Виктор Живов, или Моя московская семья
К удивлению Живовых, я пошла на Красную площадь 7 ноября 1991 года. Там собрались люди самых разных убеждений и стилей: по одну сторону текшего по площади ручья (ночью прошел дождь) стояли немолодые женщины с красными цветками на лацканах и красными флажками в руках, праздновавшие день революции, по другую молодые ребята в черном пели что-то радикальное. У того, кто играл на гитаре, в мочку была воткнута английская булавка. Между ними началась перепалка: женщины стыдили молодежь за якобы непристойное поведение, говоря им о «ленинских принципах». Парень с булавкой спросил женщину в красном берете: «Кто тебе подарил красный берет? Ленин?», на что та ответила: «А почему у тебя булавка в ухе?» Вдруг по площади промаршировали одетые в белые косоворотки молодые люди с русским флагом; один из них скомандовал: «Остановиться», затем все драматически стали на колени, перекрестились и запели «Боже, царя храни». Закончив свой перформанс, мальчики, изображавшие «белогвардейцев» (так я их для себя определила), ушли так же стремительно, как появились. Разумеется, на площади стояли сторонники Ельцина с плакатами, но значительно больше людей собралось вокруг человека, с большим пафосом произносившего речь. Среди прочего он говорил, что русские солдаты с какой-то миссией (какой не помню) дойдут до Индийского океана – это через два месяца после падения Советского Союза! Я спросила стоявшего рядом мужчину, кто это; тот ответил: «Мать русская, а отец юрист», и добавил, что имени и фамилии не помнит[591].

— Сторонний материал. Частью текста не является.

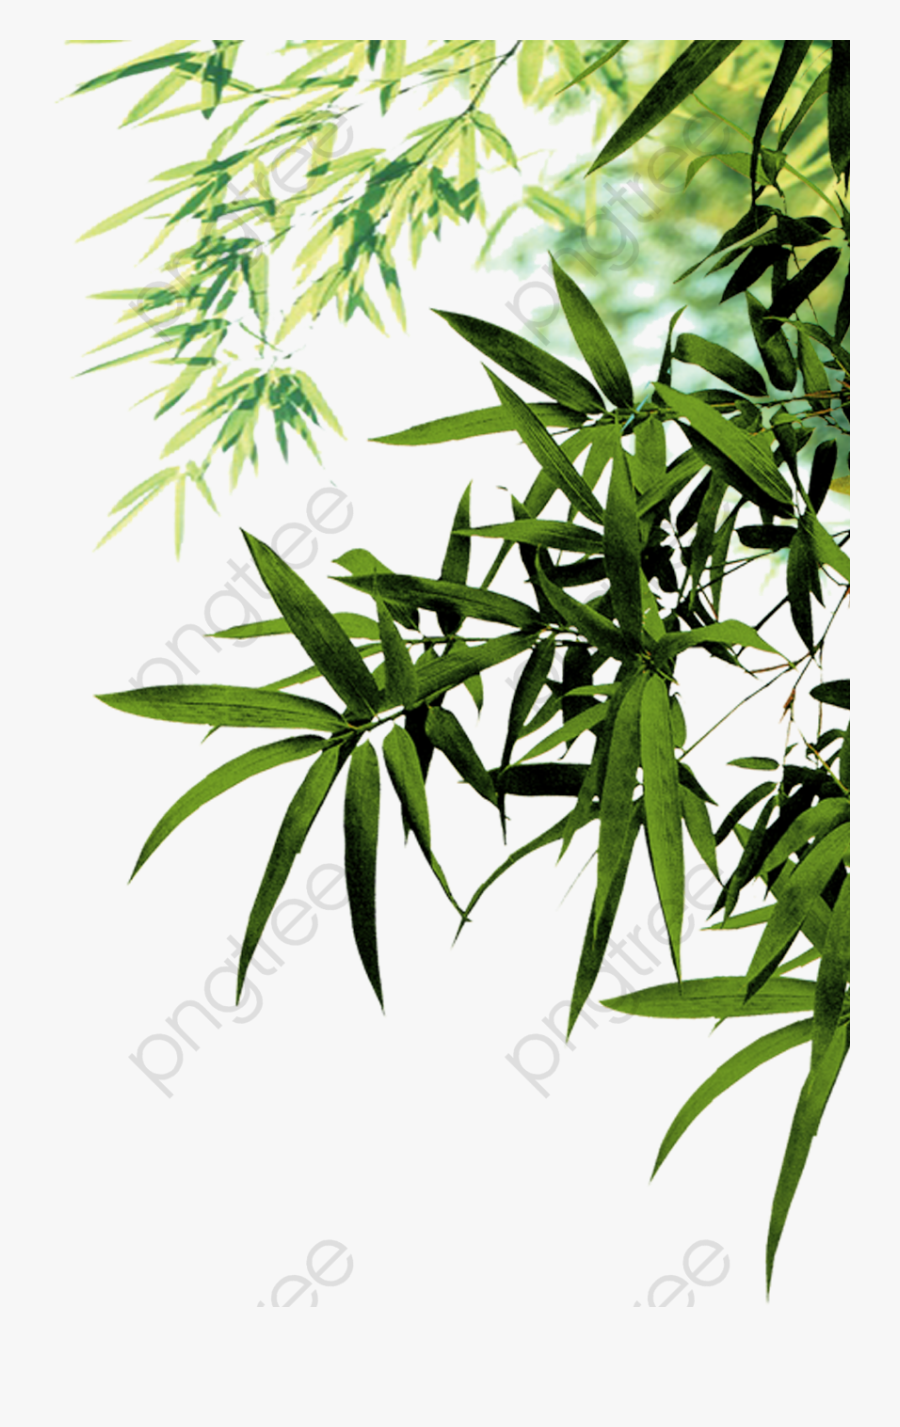 Green Leaf Clipart Image - Bamboo Png, Transparent Clipart

Владимир Жириновский в душе. Обложка New York Times Magazine (19.06.1994)
Вместо дня революции состоялся постреволюционный карнавал, где коммунисты, вспоминавшие великое советское прошлое, столкнулись с панками (а может быть, и с будущими скинхедами), мелькнули юные монархисты, стояли сторонники новой власти, а в центре внимания оказался Жириновский. Об этом я вскоре узнала от Вити Живова, заодно объяснившего мне, что «юрист» в данном случае означает «еврей». При всей театральности действо на Красной площади стало предвестьем идеологических конфликтов в России, которые так волновали Виктора Марковича.
Той осенью, когда я занималась в российских архивах, Живовы стали моей московской семьей; они остаются ею до сих пор, несмотря на смерть Вити в 2013 году. Мне его очень не хватает.
В том же 1991 году я повела Витю, большого знатока и любителя живописи, в Третьяковскую галерею на Крымском Валу, которую для себя тогда открыла. Мне хотелось убедить его в том, что там не сплошной соцреализм, но и лучшая в мире коллекция российской живописи и скульптуры периода авангарда. В другой раз мы с Витей и его женой Машей Поливановой осмотрели недавно открывшуюся экспозицию постсоветского искусства; на этой фотографии Виктор Маркович стал частью скульптурной группы участников Ялтинской конференции.
В. М. Живов. Новая Третьяковская галерея (1991)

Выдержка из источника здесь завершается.